8 It must be mentioned, however, that logicians of Zermelo's school allow for counting individuals and classes together, because they do not accept the original form of Russell's theory of types. The conceptual unity of a class is not an organization. The members of an organization cooperate through the performance of different functions, unlike the members of a class which are conditioned by the same function. Thus “The Ode to the Grecian Urn” is an organization and not a class of words chosen by Keats in writing the poem.
9 In the first draft of his theory of classes, in “The Principles of Mathematics,” Russell hesitatingly distinguished between the class-concept and the corresponding function (p. 80). He then contrasted the class-concept with the class itself, arriving (1) at the untenable conclusion that “the null-class, which has no terms, is a fiction, though there are null class-concepts,” and (2) at a confusion of classes with enumerations (pp. 69 f). These defects have been remedied in Russell's later works. For the distinction between class and enumeration see W. E. Johnson, Logic, V. 1, Ch. VIII.
10 Intr. to Math. Phil., p. 188.
11 A peculiar treatment of class-membership is found in the “Symbolic Logic” by C. I. Lewis and C. H. Lanford: “Thus we may say that the class of Presidents of the U. S. up to the present time comprises some thirty-members. But there cannot possibly be any such groups or collection of particular persons; nor, of course, was there even a time at which such a concrete group or aggregate existed. We shall have to revise this crude conception of the class of Presidents; and perhaps the following will serve this purpose as well as anything else. It is a fact that there was a President satisfying the description ”Lincoln“ and it is also a fact that there was a President satisfying the description ‘Washington’ etc; and since the number of facts of this kind is the number we want, they can be held to be what we are counting when we enumerate the Presidents.” (p. 329). If this statement means that the Presidents of the U. S. are facts and not people, it must be dismissed as a reductio ad absurdum.
12 The Problems of Logic, ch. IV, Allen & Unwin, 1941.
13 In his interesting article “The Metaphysics and Logic of Classes” (The Monist, 1932) Professor Paul Weiss treats classes as conceptual complexes to be understood within the context of a proposition. His theory is that the subject of a proposition is the extension (of a class) relatively to the predicate, while the predicate is the extension relatively to the subject, and vice versa. But this view is at variance with the usual (as well as with the Boolean) interpretation of propositions according to which each term of a proposition can designate its own class so that the subject and the predicate often stand for two entirely different classes.
14 Cf. E. Cassierer, Substance and Function, ch. 2.
15 Cf.

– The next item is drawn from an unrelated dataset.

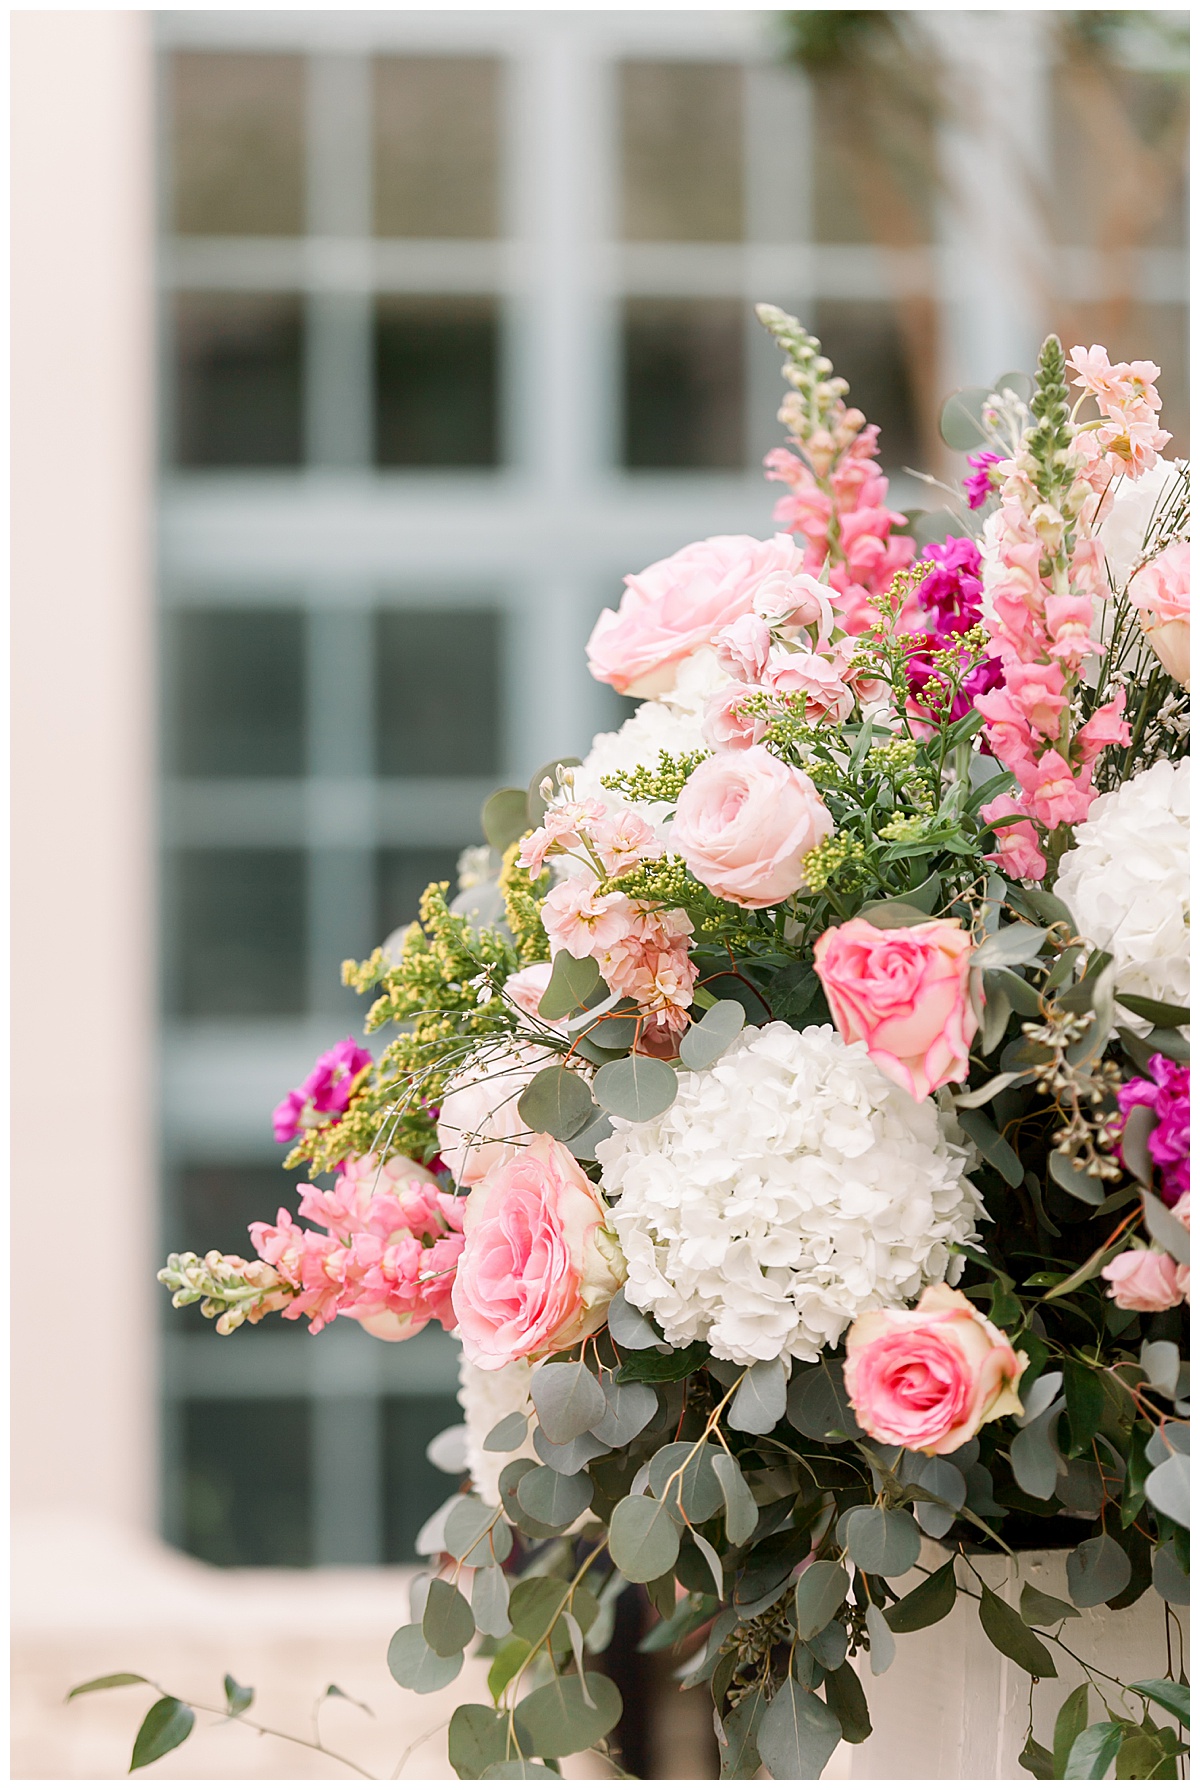 Floral decorations at Hyatt Regency Hill Country Resort Wedding in San Antonio, TX | San Antonio Wedding photographer| Destination Wedding Photographer| Monica Roberts Photography | monicaroberts.com
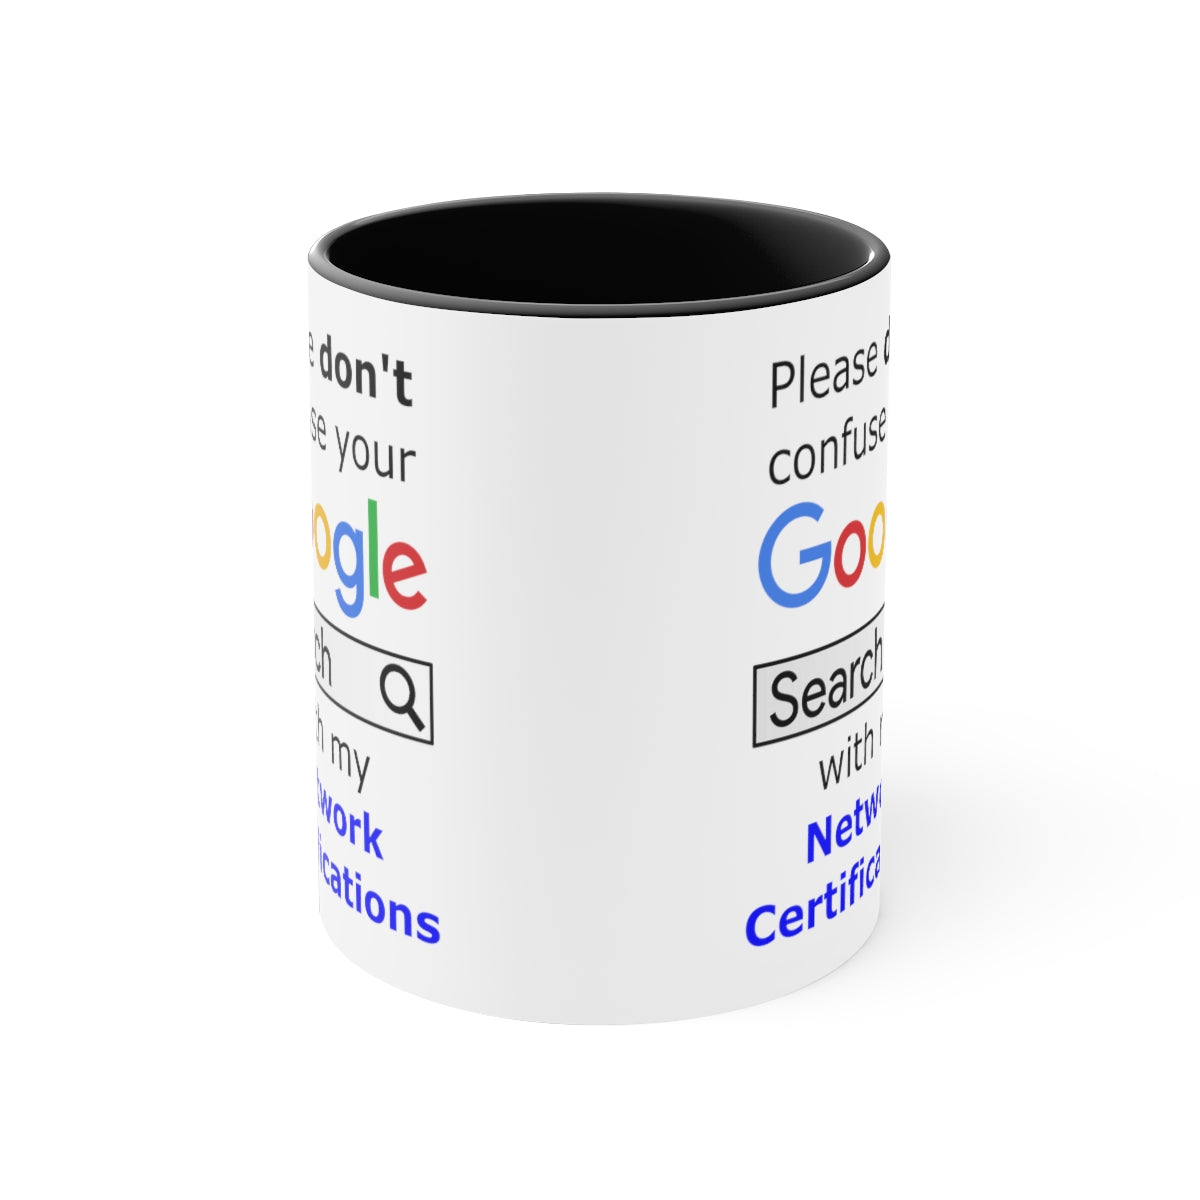 Google Network Certifications - Accent Coffee Mug, 11oz

Principia Mathematica, “54.02.
16 Borrowing from the doctrine of Husserl and Meinong, the origins of which may be traced back to William of Ockham, some writers believe that through concepts thought within discourse intends to be and is about things outside discourse. But when things are absent, an intention to reach them can not replace transportation or communication by messages. When you are not in a zoo, your thought of leopards is about “the members of the class leopard” and does not reach any actual leopard. “They”, i. e. actual leopards, cannot figure even as objects of thought-intention, unless “they” is a demonstrative symbol used when the leopards are in sight. Even then one can argue that “they” designates a complex of sense-data, which are appearances of leopards, rather than the leopards themselves.
17 This account of a meaningful use of the judgment “This is a chair” must not be taken as an attempt to define or even explain the meaning of the word “chair.”